On “This Week”, Fauci said that while the government make the vaccination compulsory, “any individual group” such as business and schools could mandate it as a requirement. He further called on the administrations to engage with the local leadership to blow the anti-vaccine rhetoric.
“We’ve got to be able to get out there, get community people — who the community trusts — to show two things: The process of the development of this vaccine has been one that has been scientifically sound, safety has not been compromised, scientific integrity has not been compromised. And the process of determining whether it works, whether it’s safe and effective has been independent, by independent bodies and transparent,” Fauci said.
Over Supreme Court’s Ruling
Fauci was also asked about the Supreme Court’s ruling last week to taken down the pandemic-induced restrictions on large religious congregations in New York. – a controversial decision that shows a contrast between public safety and personal/religious freedom.
“(Legal challenges) happen… there’s nothing I can do about it.”
“I can just say, it doesn’t matter who you are, where you are — when you have congregate settings, particularly indoors, when people are not wearing masks, that is a considerable risk for acquisition and spread of infection. No matter what the circumstance is, that is a risk,” the doctor responded.
New York was also imposed the early school closures this month after assessing the sharp spread of the infection in the country largest school district. On Sunday morning the city announced the reopening of its elementary schools amid concerns that the threshold to shut-down them was lower than other public places. With a variety of options being exercised in the different states to keep schools open, Raddatz asked the top disease expert what will be his message to the upcoming administration of President-elect Joe Biden to give a more “unified response.”
A word for incoming Biden administration
“We get asked it all the time. You know, we say it — not being facetiously, as a sound bite or anything — but, you know, close the bars and keep the schools open is what we really say,” he said. “Obviously, you don’t have one size fits all. But as I said in the past … the default position should be to try as best as possible within reason to keep the children in school or to get them back to school.”

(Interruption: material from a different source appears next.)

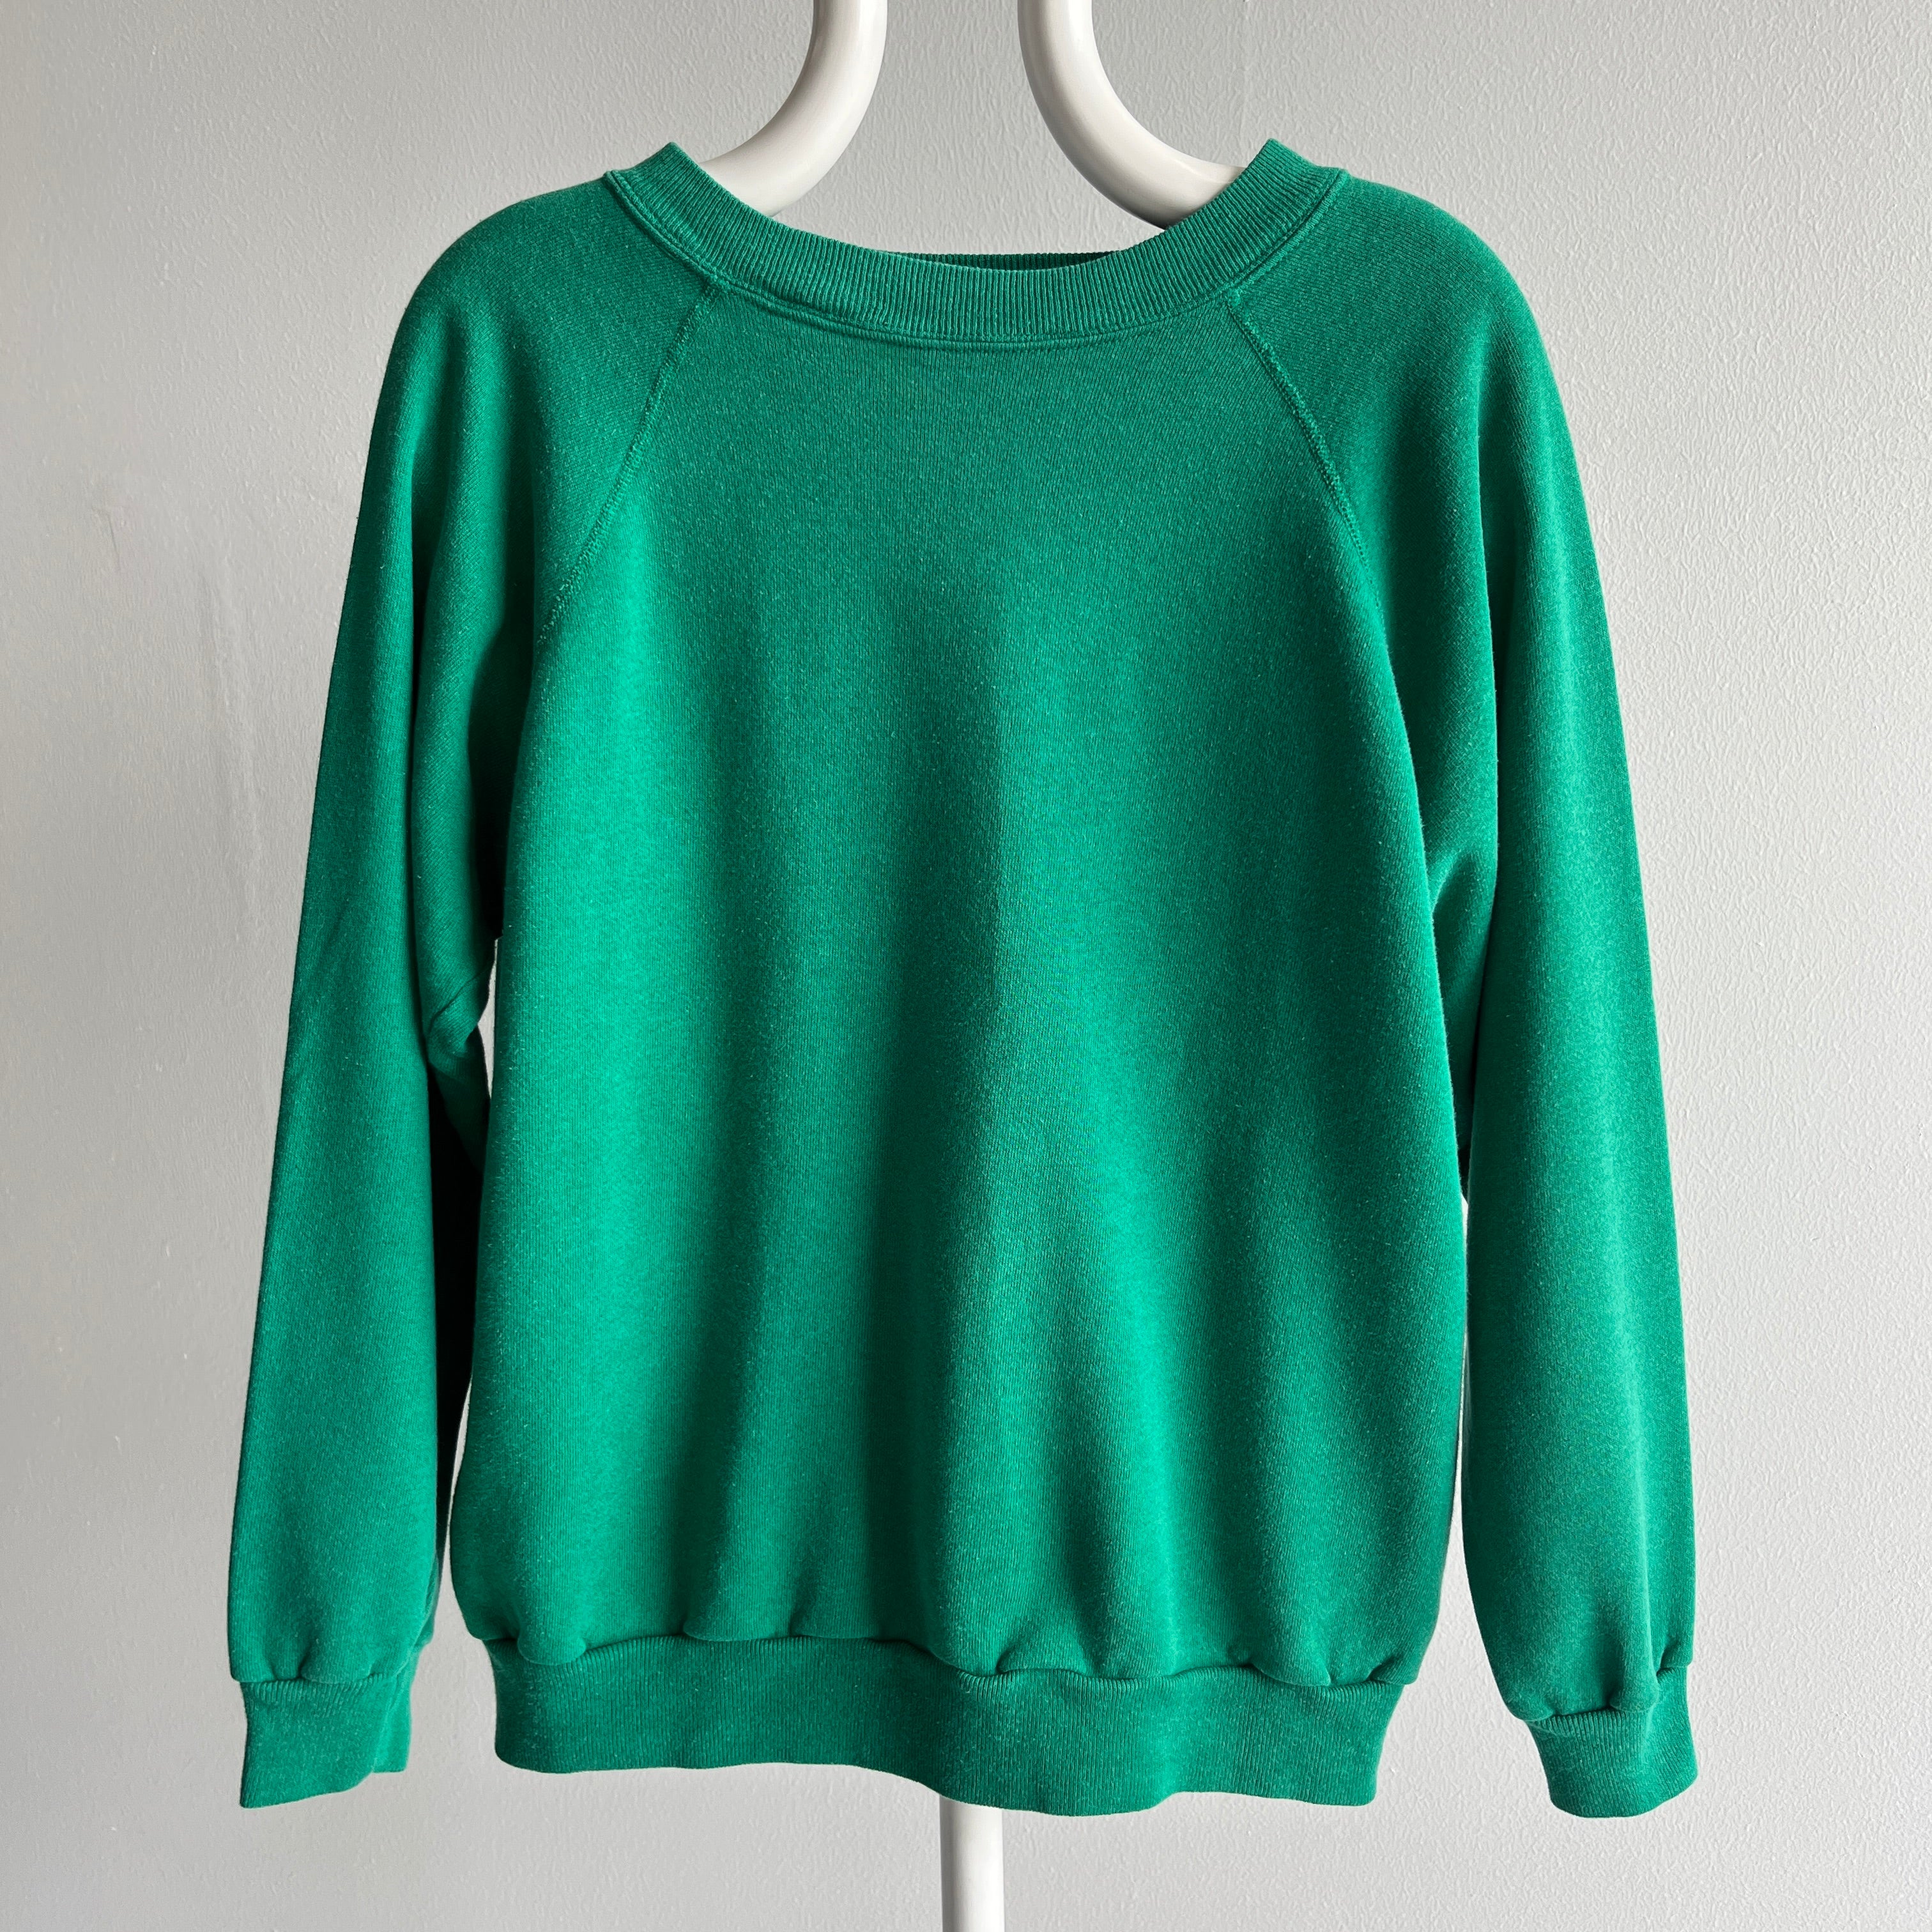 1980s Kelly Green Raglan Sweatshirt - A Gem!

“If you mitigate the things that you know are causing spread in a very, very profound way — in a robust way — if you bring that down, you will then indirectly and ultimately protect the children in the school because the community level is determined by how things go across the board,” Fauci said.
In a similar appearance with NBC network’s “Meet the Press”, he offered same remarks, adding that it is “not too late” for people returning to their homes after Thanksgiving to help stop the transmission of pandemic by wearing masks and observing social distancing.

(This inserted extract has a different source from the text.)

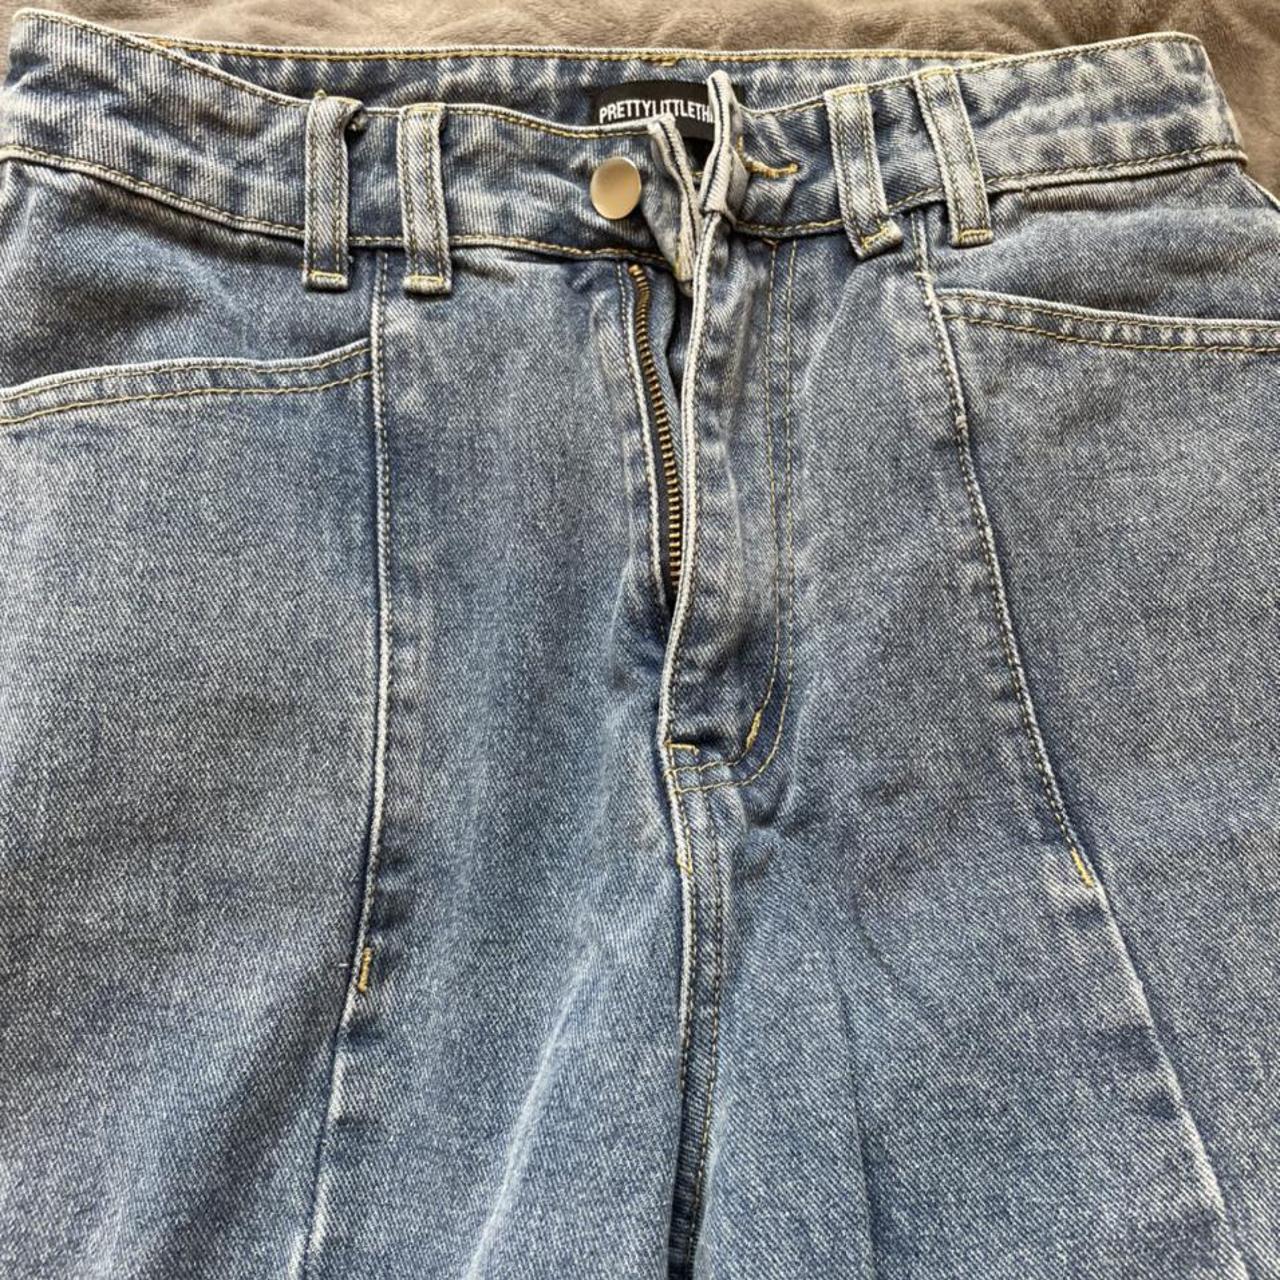 Vintage Wash Seam Front Wide Leg Jean

“So, we know we can do something about it, particularly now as we get into the colder season and as we approach the Christmas holidays,” he said.
Fauci also said the healthcare workers will be the first to get the vaccine jab.
“We likely, almost certainly, are going to be vaccinating a portion of the individuals in the first priority before the end of December, and then as we get into January and February and March, more and more,” he said.
“So, if we can hang together as a country and do these kinds of things to blunt these surges until we get a substantial proportion of the population vaccinated, we can get through this.”